The dukan diet plan is so called due to it being named after the French physicist who was the original creator of this particular approach to trying to lose weight. Below is information about what is actually involved in the plan as well as details about its aims and of course whether or not it stands a chance of helping you lose weight.
The first thing you should know about this plan is that it follows the idea of limiting the amount of fat and carbohydrates that you eat during the day and both of these approaches will be familiar to anybody who has previously tried to lose weight. The difference; however, with this plan is that once you have got to the weight that you have set as your target it then helps you to structure your diet to maintain that weight whilst still being healthy.
By limiting the fat you eat on a daily basis it does then mean your body will use some of the fat that has already been stored and turn that into energy. This will, in most cases, result in some weight loss and this can be quite fast at the beginning although it will slow as time progresses and become less noticeable.
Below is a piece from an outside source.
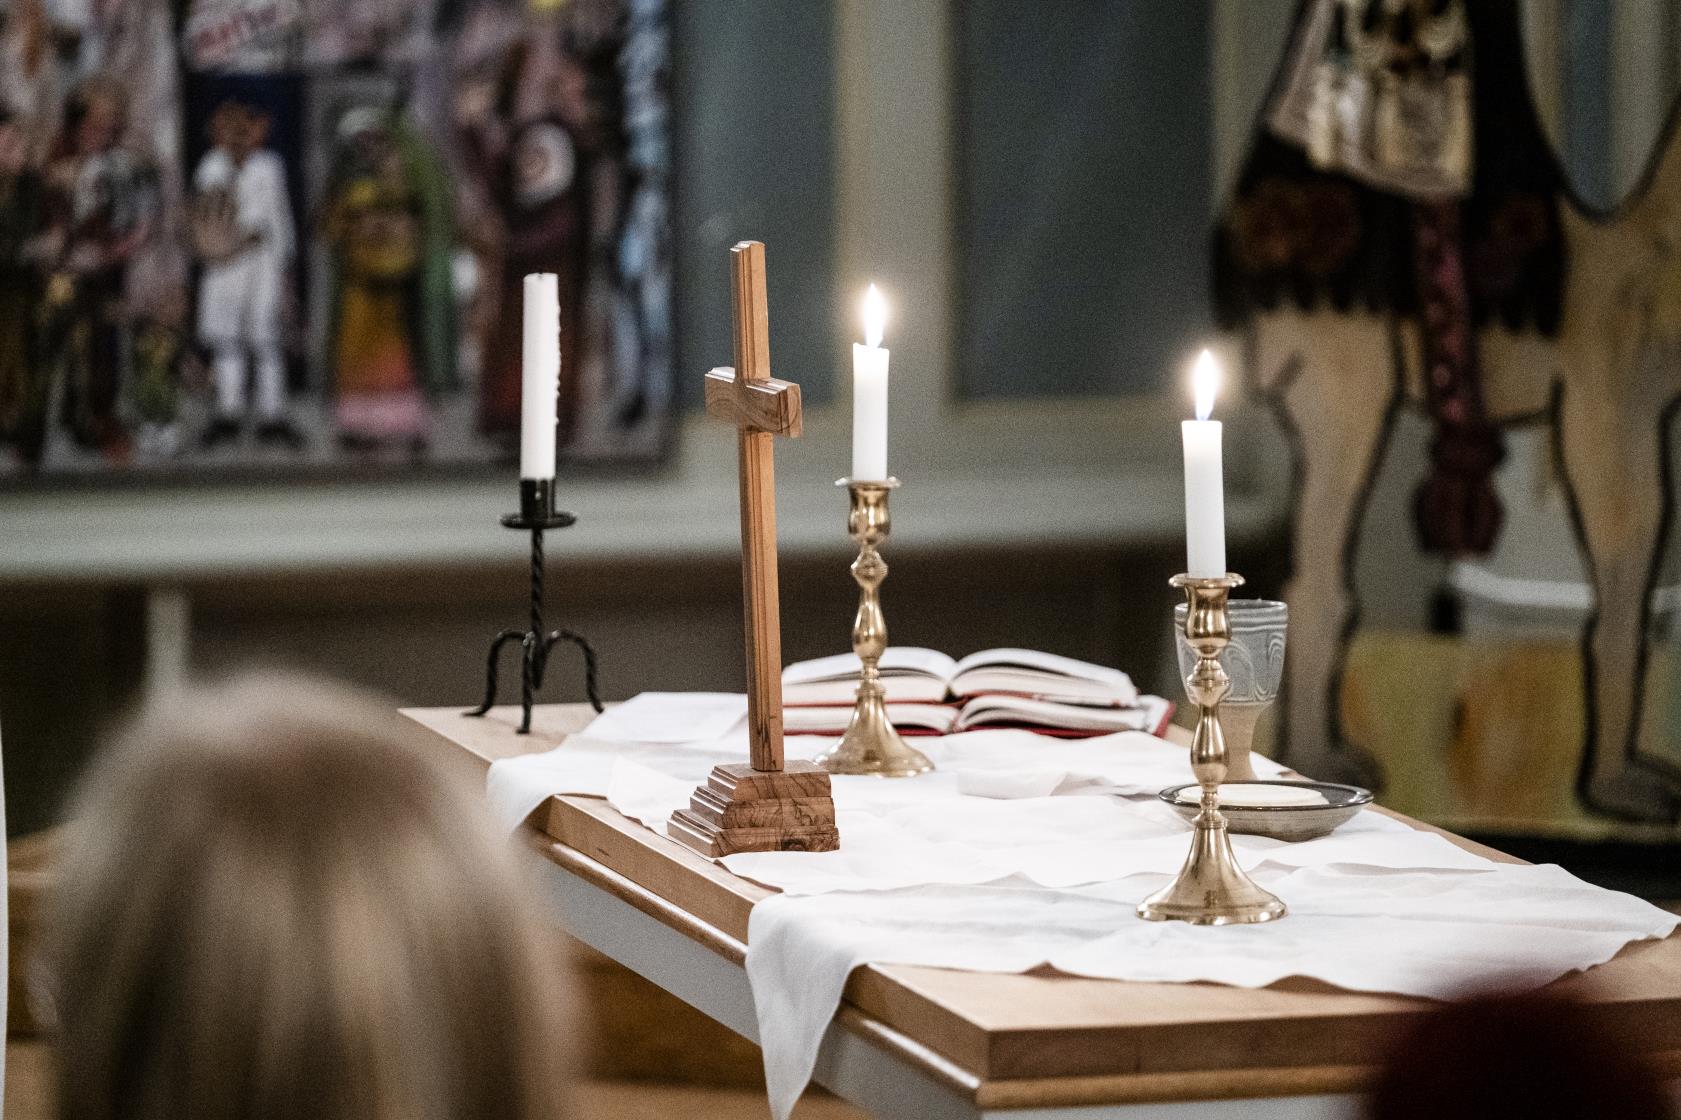 Ett litet träkors och tre ljusstakar med tända ljus står på ett altare.

The approach follows different stages and they include the attack phase, cruise phase, consolidation phase, and finally the permanent stabilization phase. Each part is designed for a specific purpose, but it is useful to know what they are prior to starting.
The attack phase is the start and with this you focus on just eating protein so you can expect eggs, lean meat, and dairy products that are fat free. This lasts for around five days before you then move on to the cruise phase.
This cruise phase is characterized by alternating between protein days and days focused on vegetables although some people will go for five days of one and then switch to the other. This phase has to be repeated until the dieter gets to what is known as their target weight at which point they switch to the third step.
At the consolidation phase some carbohydrates are introduced; however, this is in a controlled manner. The length of the consolidation phase is directly linked in to how much weight is lost and the formula employed is five days for every one pound of weight that has been lost. This is an important part as the first few months is the time when the body is most likely to put the weight back on, which is why you need to follow their guide in regard to protein only days as well as other food you can eat.
Finally you have the permanent stabilization phase and this can actually be defined as meaning for the rest of your life. By being regimental you can lower the chances of that weight coming back and then having to start it all over again.
You will have noticed that this particular diet focuses on eating a lot of protein as well as an increase in the number of vegetables and the entire plan is structured according to what you should eat on any given day. There are a number of other diets out there that do focus on protein, but it is perhaps best to quickly look at both the positives and negatives of this particular approach.
Before you start a plan, it will always be beneficial to have an idea about the positives, as well as the potential negatives so you then know what to expect. When it comes to the dukan diet plan perhaps the main thing is the fact that it does look at consolidating the weight loss over the long term. This is different from a number of other plans that focus on low fat or low carbohydrate intake as, instead, they look at losing weight in the short term and then leave people to fend for themselves.
Another real positive is that the plan stresses the idea of only getting to what could be deemed to be your true weight and not going below it. This means you get to the weight that suits your height and natural build so it is healthy and not about losing as much as possible and then becoming underweight. By being honest about how much you should expect to lose, often around 10%, it does mean the dieter will not feel cheated by the plan should they fail to lose more than what the normal body can often achieve.
The structure of the plan means that you have days where all you eat is protein so there are some worries about getting the correct nutrition on those specific days. You can of course look at making sure you get the right vitamins by taking supplements and those are allowed as part of the diet.
Another potential negative is a distinct lack of salt with a low carbs diet and this can actually mean it is harder to stick with the diet during those first couple of weeks. The reason for this is that with a diet that is low in carbohydrates there is a tendency to require more salt as the body does require it, but the plan cuts out a lot of food that has it as a big ingredient.
Does it work?
This is of course the big question with any diet and the first thing that should be said is that the dukan diet plan has undoubtedly helped a lot of people lose at least some weight. How much, or how successful it is will often come down to the individual and how willing they are to stick to the guide and not veer off due to various temptations.
You will hopefully have now picked up all of the information that you need to make up your mind as to whether or not this is the best way to lose weight for you. It is an approach that is low in fat and carbohydrates and there is sound scientific theory behind using this particular plan. There is no doubt that using the dukan diet plan has helped a large number of people since its creation so there is every chance it will help you as long as you follow the rules and regulations at all times.